Выбрать главу

Впрочем, столь же смутные представления сложились у Билла и о других офицерах: рядовым в период рекрутского обучения не полагалось иметь дела с офицерским составом. Однажды ему все же довелось довольно прилично рассмотреть одного в ранге второго лейтенанта. Он даже установил, что у того есть лицо! Был еще один военный врач, читавший рекрутам лекцию о венерических болезнях, который как-то оказался всего лишь в тридцати футах от Билла. Билл, однако, о нем ничего сказать не мог, так как ему досталось место за колонной, и он там сразу же захрапел.

Когда оркестр умолк, выплыли снабженные антигравитационными приспособлениями громкоговорители, повисли над солдатами, и из них зазвучал голос генерала. В этой речи почти ничего любопытного для солдат не было. Только в самом конце генерал объявил, что из-за тяжелых потерь на полях сражений обучение новобранцев пойдет ускоренными темпами. Это и было то, чего они боялись. Снова заиграл оркестр, и новобранцы промаршировали к баракам, переоделись в грубую повседневную форму, а потом их маршем, но уже вдвое быстрее, погнали на стрельбище. Там они палили из атомных винтовок по пластиковым макетам чинжеров, которые выскакивали из специальных люков. Стреляли они отвратительно, пока из люка не выскочил Смертвич Дрэнг. Тут уж все стрелки переключили винтовки на автоматический огонь, и каждый влепил ему без промаха целую обойму, что безусловно было рекордом меткости. Когда же дым рассеялся, ликующие вопли перешли в крики отчаянья, ибо в прах разлетелся вовсе не Смертвич, а только его пластиковый макет. Оригинал же возник у них за спиной и, оскалив клыки, вкатил им по месяцу нарядов вне очереди.

— Странная штуковина — человеческий организм, — говорил месяц спустя Скотина Браун, когда они, собравшись в столовой для нижних чинов, жевали сосиски из какой-то дряни, заключенной в целлофановую обертку, и запивали их теплым водянистым пивом. Браун был пастухом тоатов с равнин, за что его и прозвали Скотиной, так как всем известно, чем они там занимаются со своими тоатами. Он отличался высоким ростом, худобой, кривыми ногами и загорелым до цвета дубленой кожи лицом. Говорил он мало, ибо привык к вечному безмолвию степей, которое нарушается только жутким воем потревоженных тоатов. Зато это был великий мыслитель, так как времени для размышлений у него было хоть отбавляй. Каждую мысль он обсасывал неделями, и ничто в мире не могло приостановить этот процесс. Он даже против своей клички не протестовал, хотя любой другой солдат за такое дело обязательно врезал бы в рожу. Билл, Трудяга и другие парни из десятого взвода, сидевшие за столом, восторженно заорали и застучали кулаками по столу. Так было всегда, стоило лишь Скотине раскрыть рот.

— Давай, давай, Скотина!

— Смотри-ка, оно говорит, а я-то думал, что оно давным-давно околело!
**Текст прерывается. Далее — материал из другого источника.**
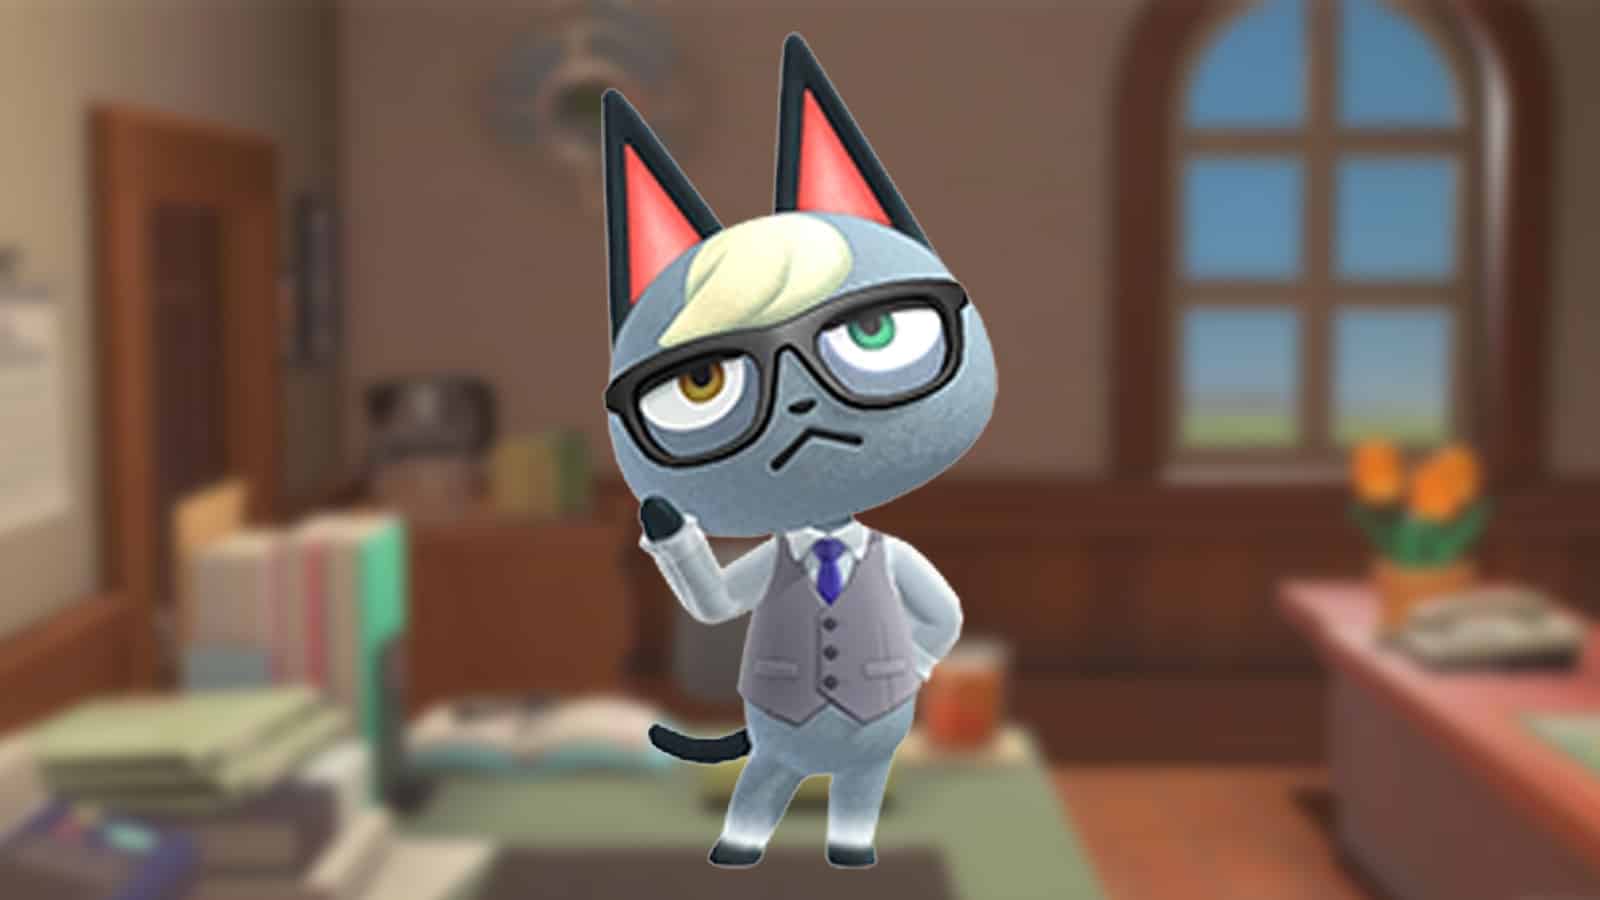 Raymond appearing in Animal Crossing New Horizons
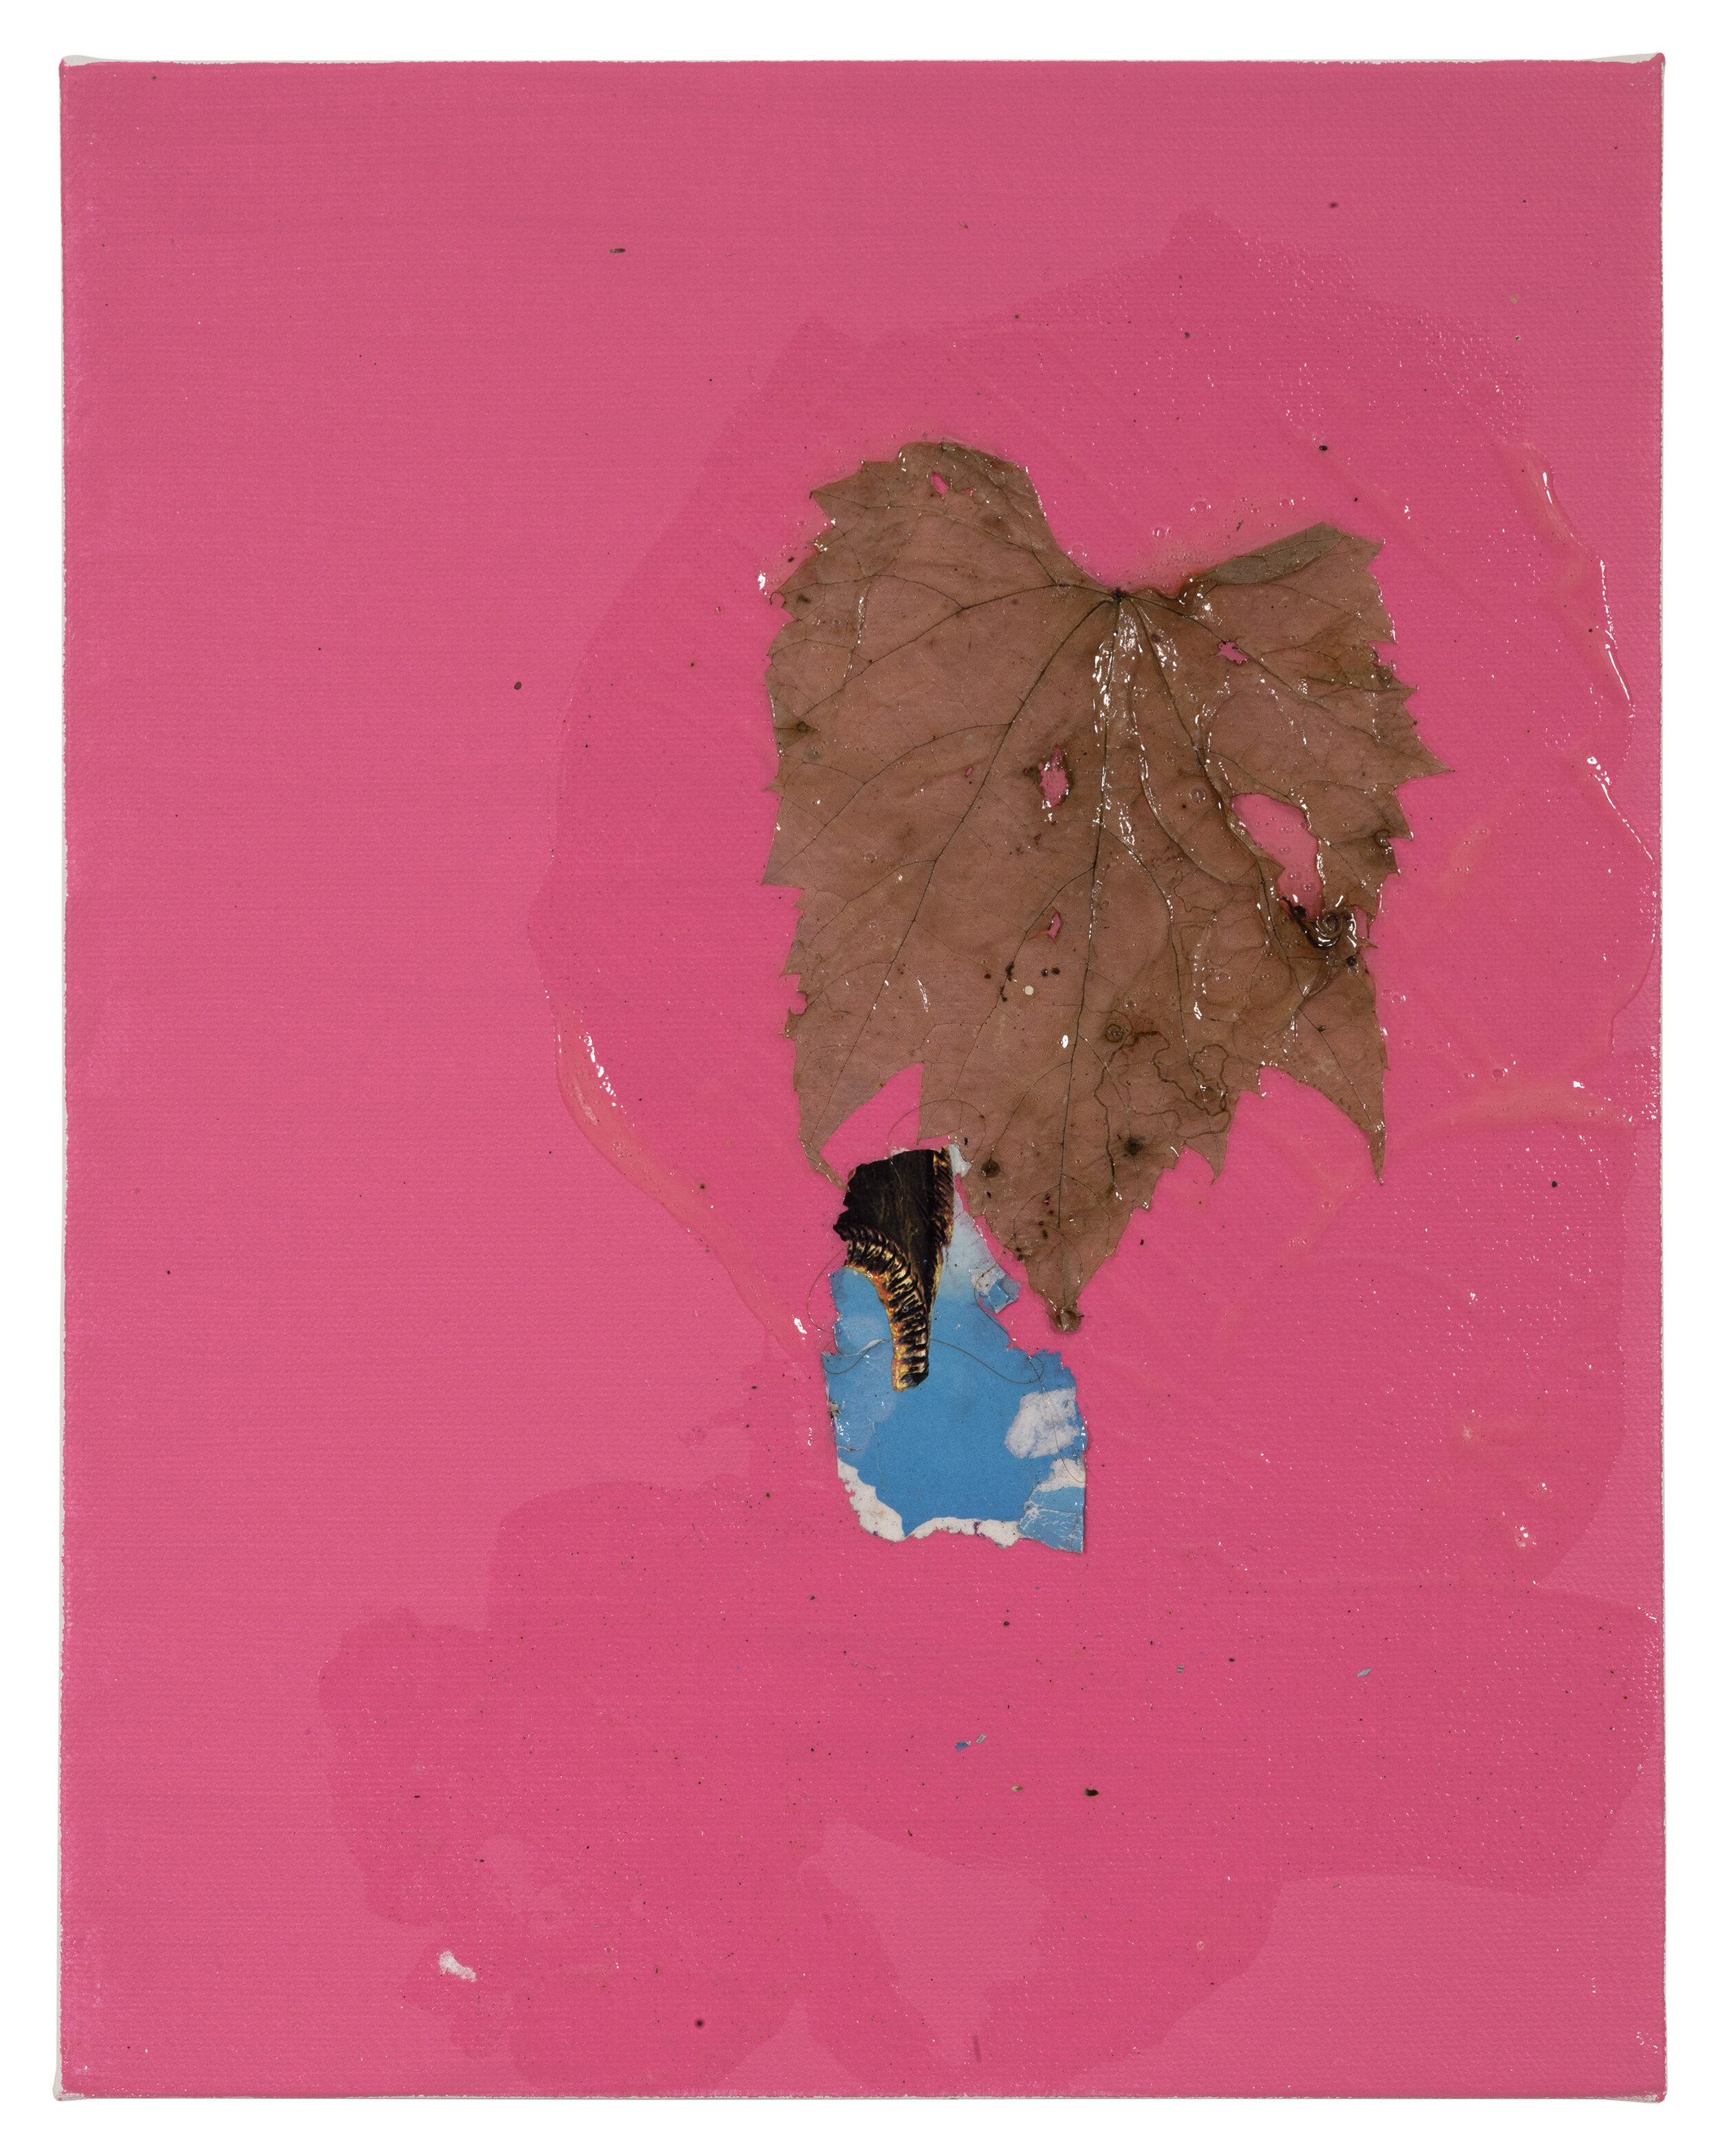  Drew Beattie  Leafman   2019 acrylic, leaf and collage on canvas 14 x 11 inches 
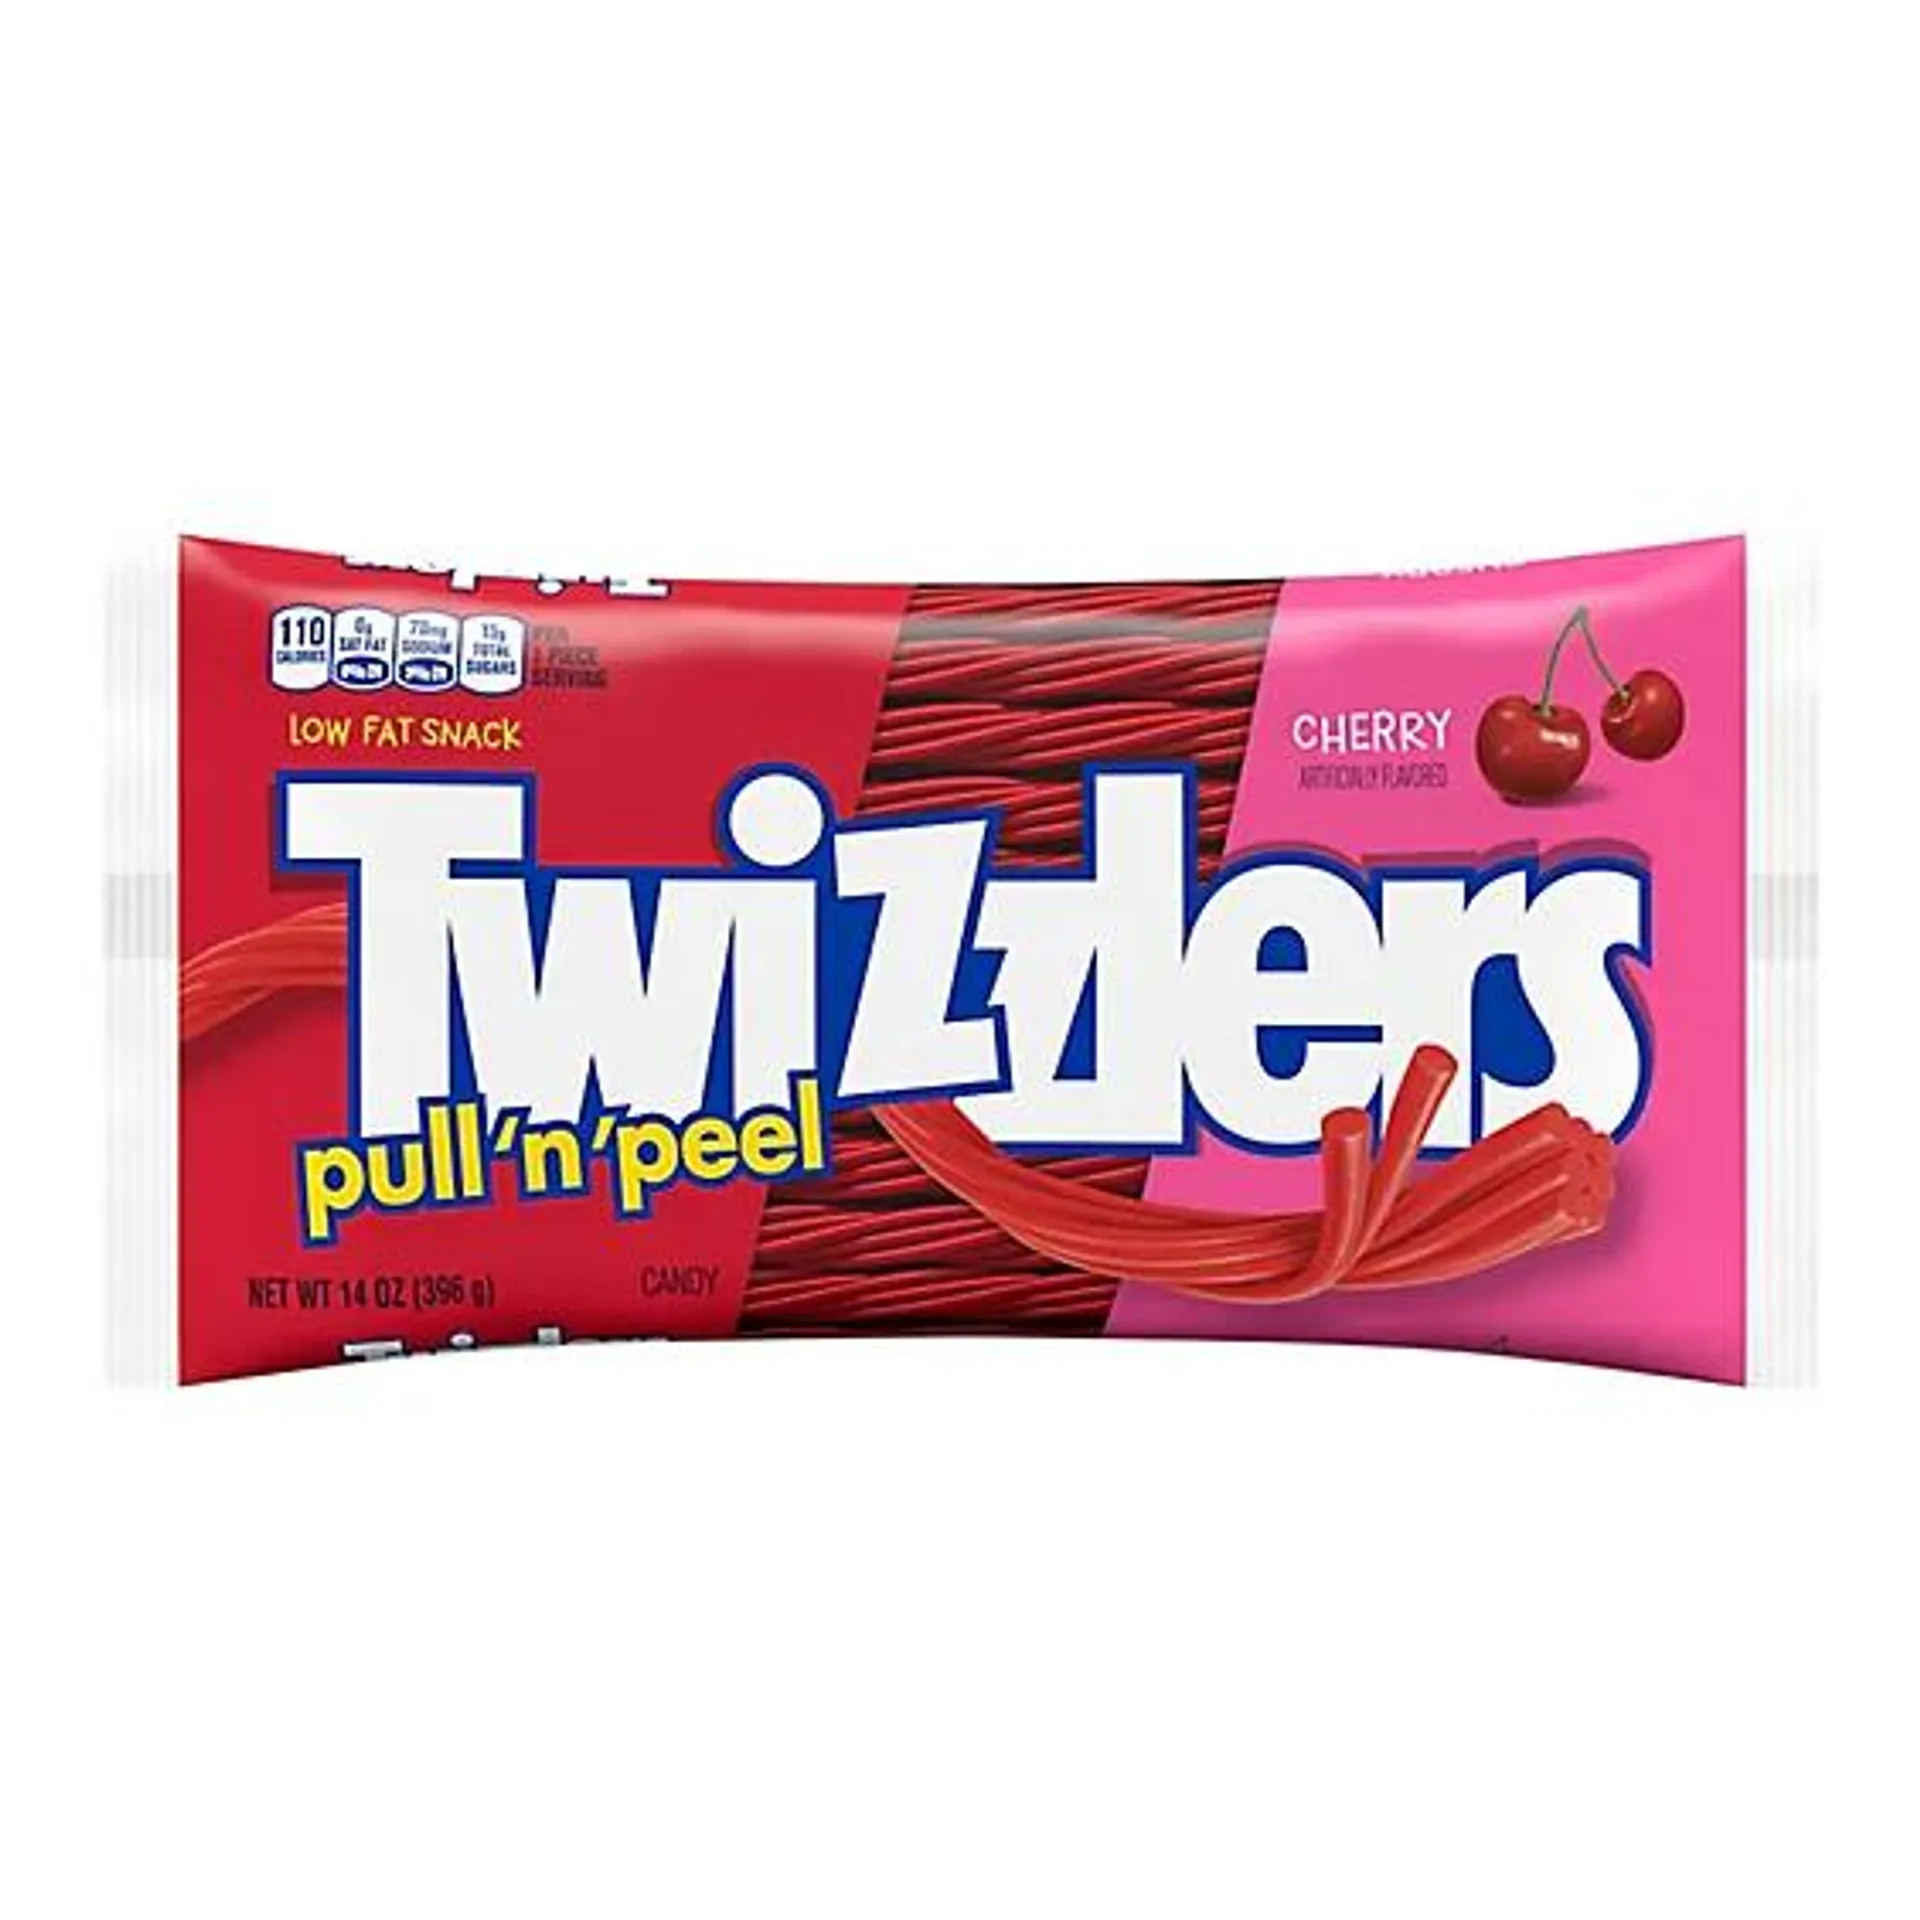 TWIZZLERS PULL 'N' PEEL Cherry Flavored Chewy, Low Fat Candy Bag, 14 oz

— Ну-ка, объясни, почему это организм — странная штуковина?!

Потом все смотрели, как Скотина Браун с трудом откусил шматок сосиски, мучительно долго разжевывал его и наконец проглотил с усилием, от которого у него выступили на глазах слезы. Заглушив боль в горле глотком пива, Скотина продолжал:

— Человеческий организм — странная штуковина потому, что ежели он не помер, то живет.

Все ждали продолжения, но потом поняли, что это все. Тогда раздалась брань:

— Господи, вот уж действительно Скотина!

— Шел бы ты в офицерскую школу, болван!

— Что он хотел этим сказать, ребята?

Биллу смысл сказанного был ясен, но он промолчал.

Во взводе осталась только половина прежнего состава. Лишь одного солдата куда-то перевели, прочие же либо заболели, либо сошли с ума, либо были уволены из армии, как искалеченные и более негодные к строевой службе. Либо — как умершие. Выжившие, потеряв весь свой вес до унции сверх веса костей и совершенно необходимых для жизни органов, теперь возвращались к прежним весовым категориям, наращивая мускулы и приспосабливаясь к ужасам жизни в лагере имени Льва Троцкого, ненавидя ее от этого еще сильнее.

Билла поражала эффективность этой системы. Штатские валяли дурака, забавляясь со всякими экзаменами, званиями и степенями, а эффект получался нулевой. И как же ловко разрешили эту проблему военные! Они убивали слабых и на сто процентов использовали тех, кто выжил. Эту систему он невольно уважал. И ненавидел.

— А я знаю, чего хочу! Я бабу хочу! — сказал Страшила Аглисвей.